Provided material ▸
________

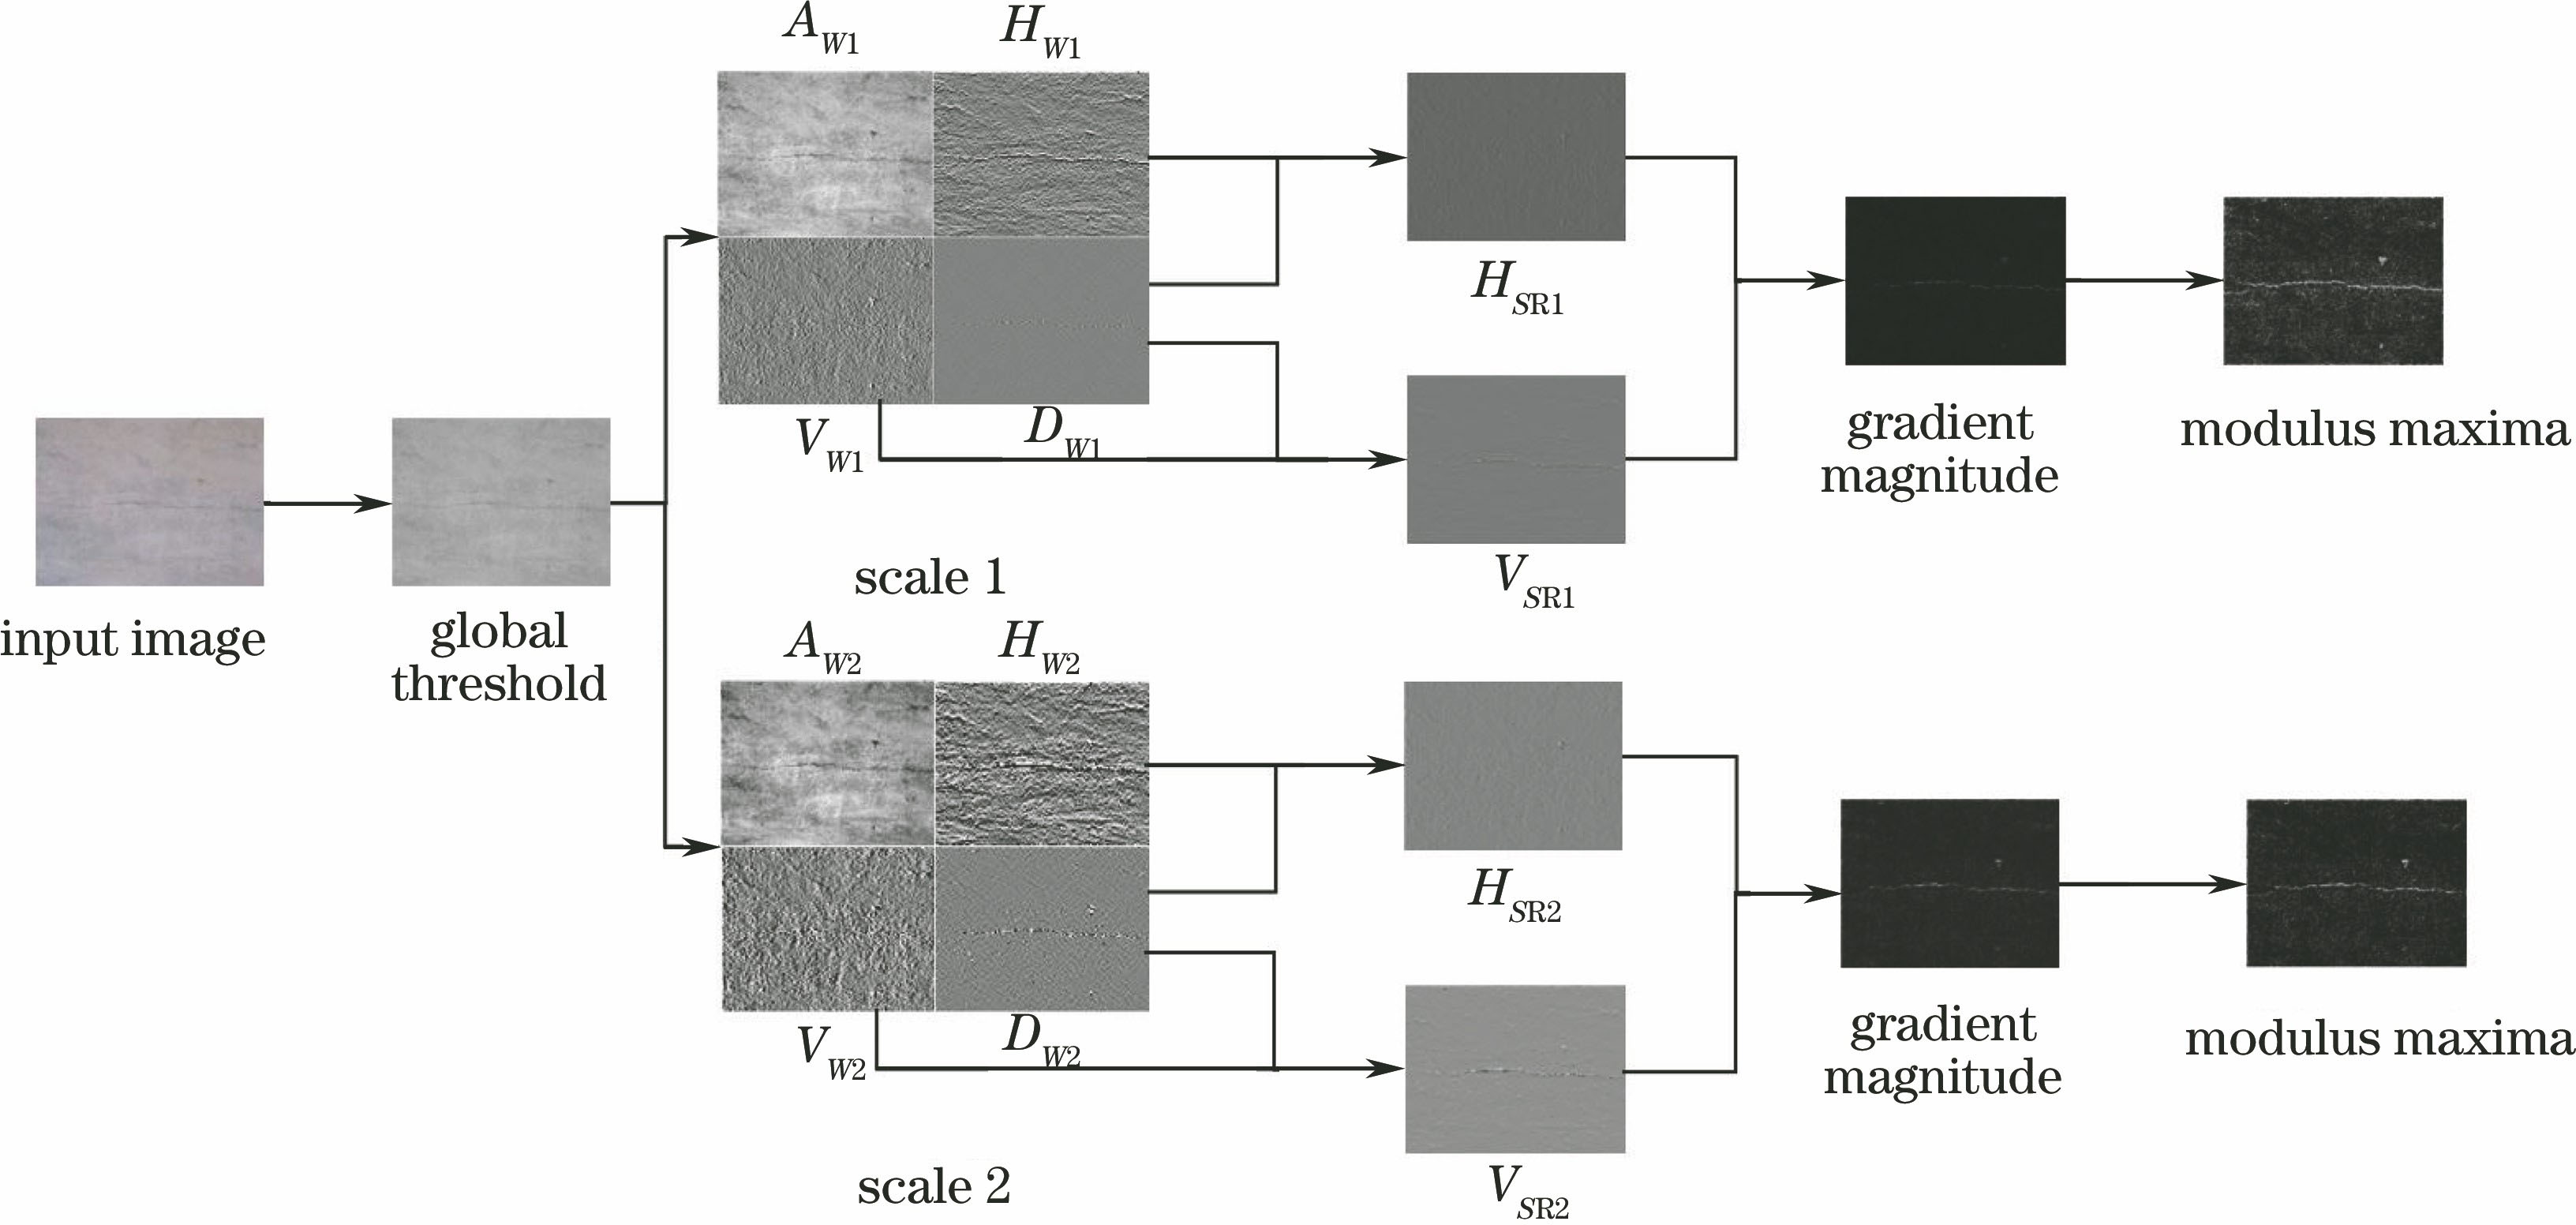 Flowchart of modulus maxima edge detection method with wavelet semi-reconfiguration
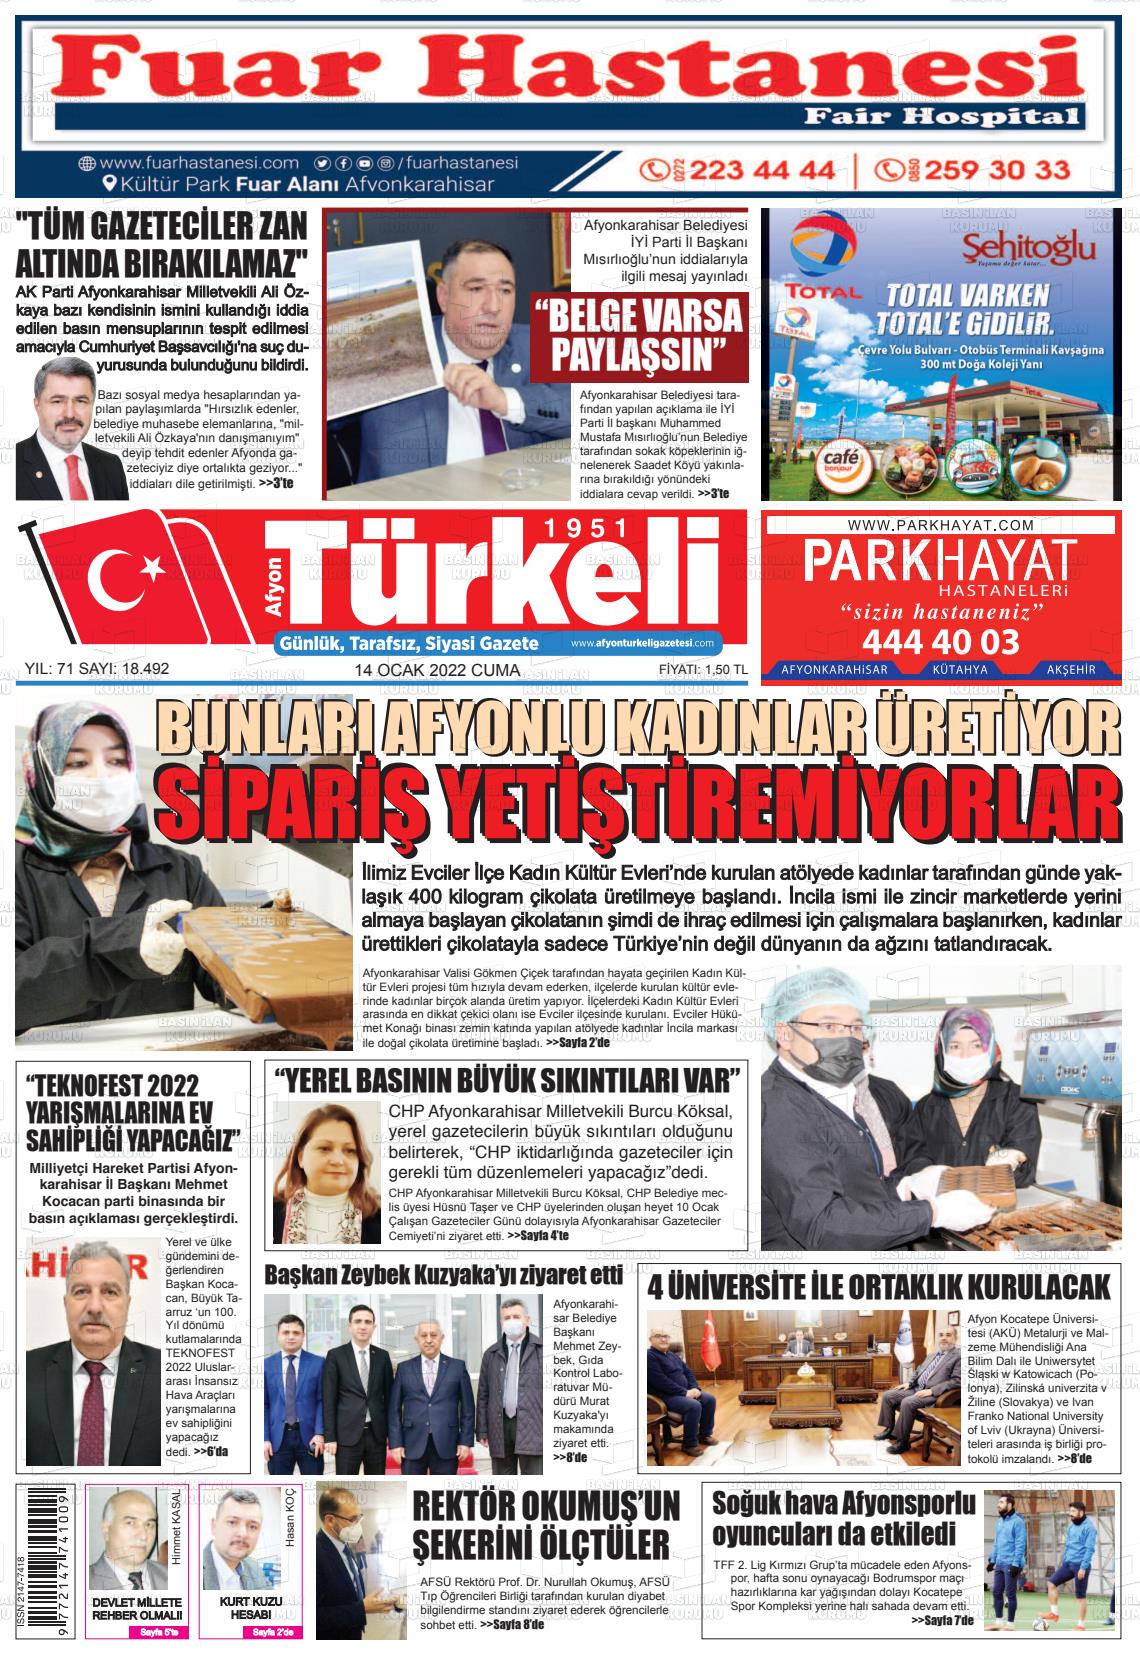 14 Ocak 2022 Afyon Türkeli Gazete Manşeti
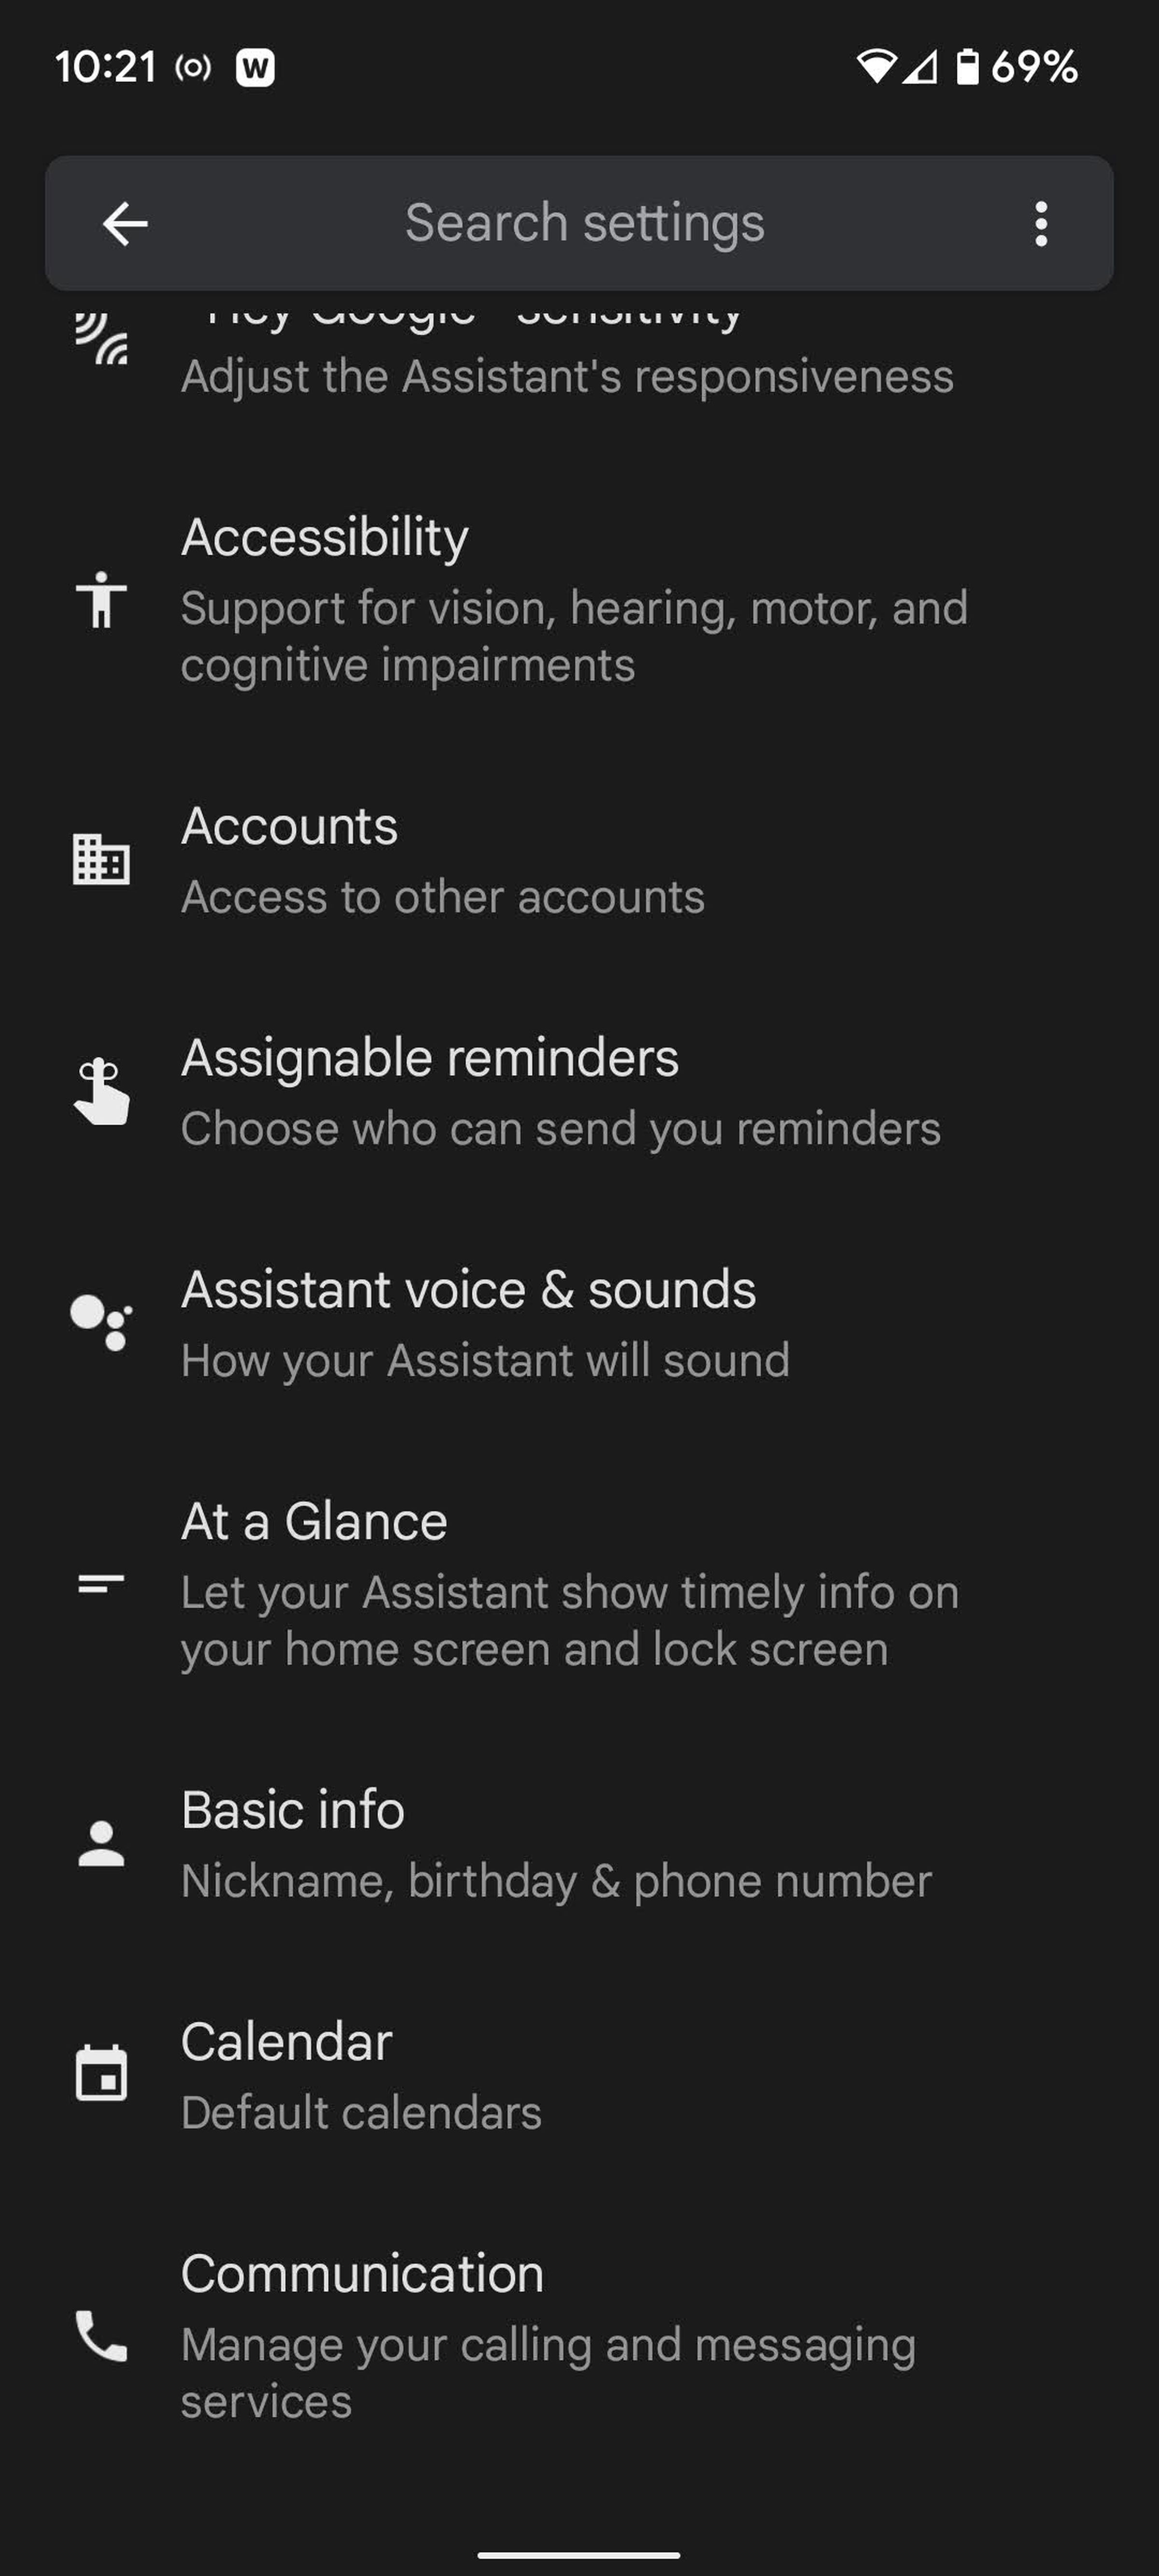 Select Assistant voice &amp; sounds.

________

Task description ▸ Pictures aside, reproduce exactly the lines from the one containing "14 Ocak 2022 Afyon Türkeli Gazete Manşeti" to the end of the listing above, both ends included.

Answer for this exercise ▸
 14 Ocak 2022 Afyon Türkeli Gazete Manşeti
 Select Assistant voice &amp; sounds.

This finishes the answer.